* [Task inputs]:
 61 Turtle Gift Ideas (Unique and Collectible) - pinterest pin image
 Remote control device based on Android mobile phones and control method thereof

...

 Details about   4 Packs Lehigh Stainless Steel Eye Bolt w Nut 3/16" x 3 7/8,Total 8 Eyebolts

* [How to complete this task]:
Would you output, from the records above, exactly the run of lines that starts at the line containing "61 Turtle Gift" and ends at the line containing "Remote control device", and only that run?

* [Reply to the exercise]:
 61 Turtle Gift Ideas (Unique and Collectible) - pinterest pin image
 Remote control device based on Android mobile phones and control method thereof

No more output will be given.